Sponge about to get burned (Bud foto)
Date: December 15, 2002
Words: Everytime we head out west, we make it a point to check out "Stinky's". However, it is such a rare wave, that we usually come up empty. After doing my usual zig-zagging along the coastline looking for the ideal spot, our crew found that "Stinky's" was happening. We were out there!
Rich brought a friend named Eddie, who tripped me out. This guy looked like a dark-skinned local, but when he opened his mouth, his words came with a thick Aussie accent. One of his parents was Australian, and the other from the Dominican Republic. He was on a sort of a walkabout, saving up for a year, then taking off to surf until the money runs out. Envious, but I know I'd never have the guts to do it.
The spot has one of the most treacherous I've seen. We've seen so many people pull up, board in hand and not go out, probably because they can't find a way in, or more importantly, a way out. Keeps the crowds to a minimum.
Indeed, we had it for the most part all to ourselves. And that was a good thing since the sets were very inconsistent. We typically waited 15-20 minutes between sets, with the in-between waves barely breaking on the inside.
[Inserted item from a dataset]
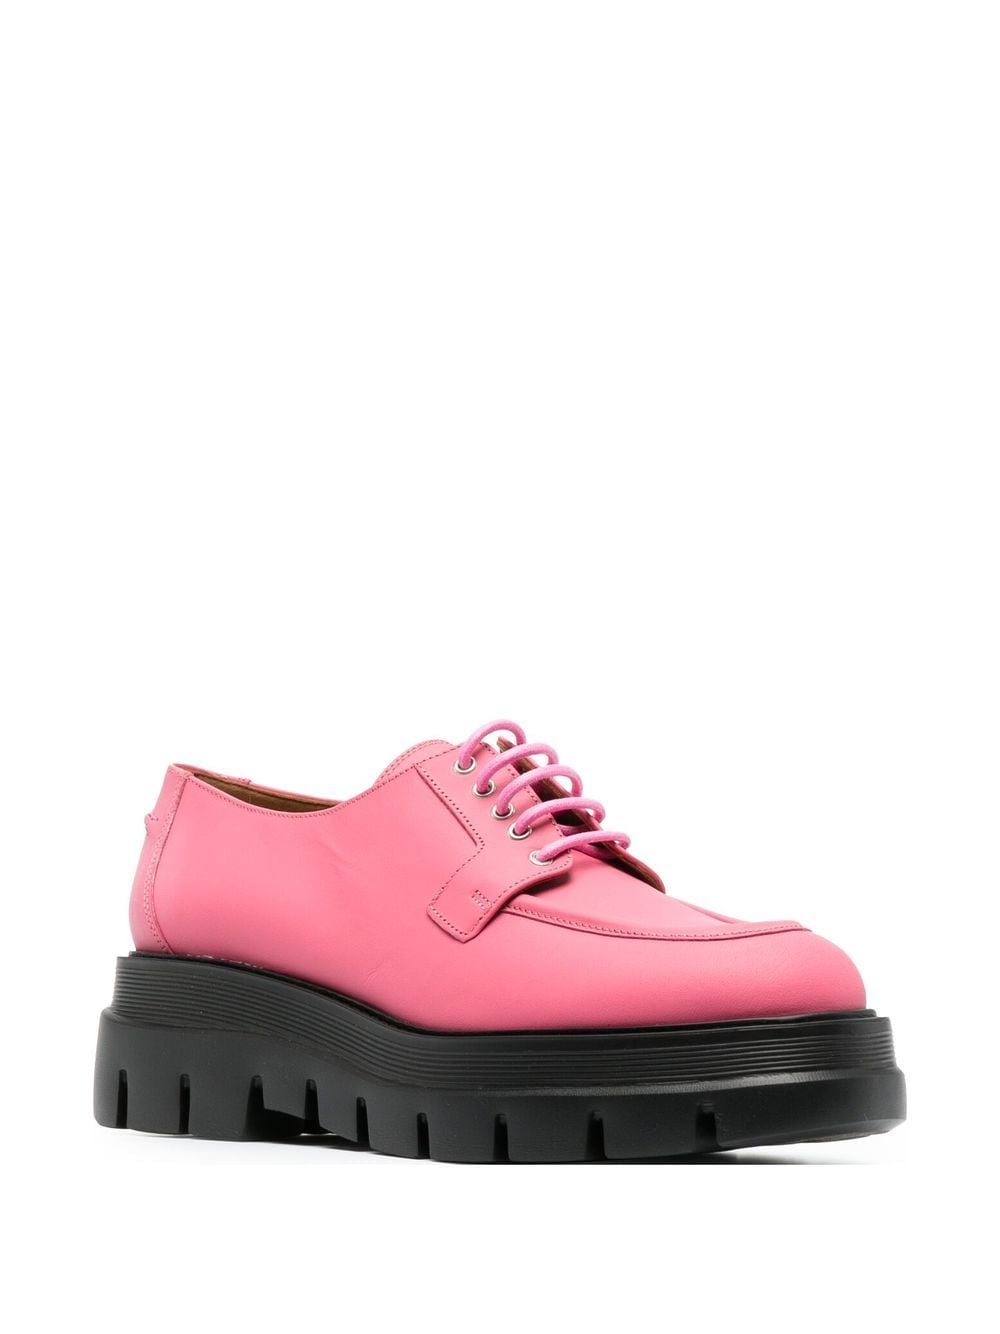 ATP Atelier Pezzana chunky-sole lace-up Shoes - Farfetch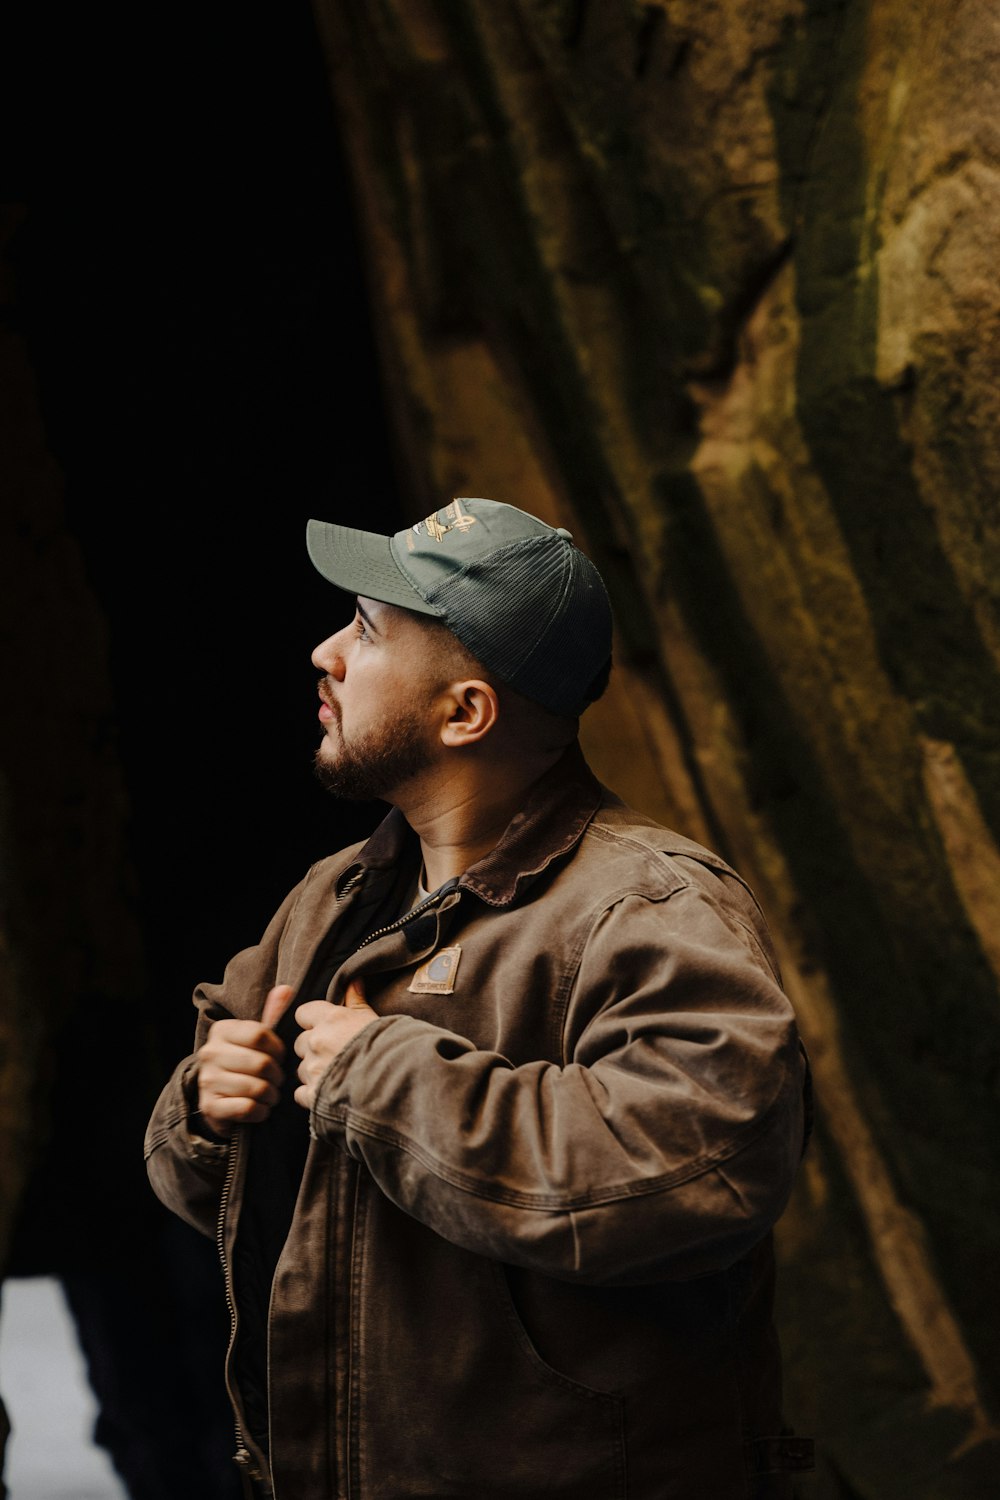 a man standing in front of a cave

I patiently waited outside and to the west for the bigger waves that came through. Although my wave count was low, the strategy paid off with bigger waves and longer rides. Had a blast on my bodyboard, just carving and trimming on the smooth, glassy walls.
Went in before the crew and took some shots from the beach (Buddy had already taken quite a few photos also). When the rest of the boys came in, we were tripping out on this lady who lost her board. Apparently, she had broken her leash and lost it once, but Makani saved it and returned it. However, guess she got caught inside, because she lost it again and it went straight into the shoreline rocks.
And this is no ordinary shoreline. It is made up of wickedly sharp lava/coral about six feet above sea level. The literally went under the shelf and disappeared. The lady and her friend was looking for it in between the cracks and crevices.
I decided to play good Samaritan and help out. Wouldn't you know it, I found it in the second hole I looked into. It was bobbing in and out of view in a hole that was 30-40 feet away from the shoreline. Waves surged into this hole making rescuing the board a death wish. She was pretty nonchalant about it all though--apparently her boyfriend is a shaper. Still, it's a bummer to lose a board (her second loss in a week).
Call it a sacrifice to the surf gods.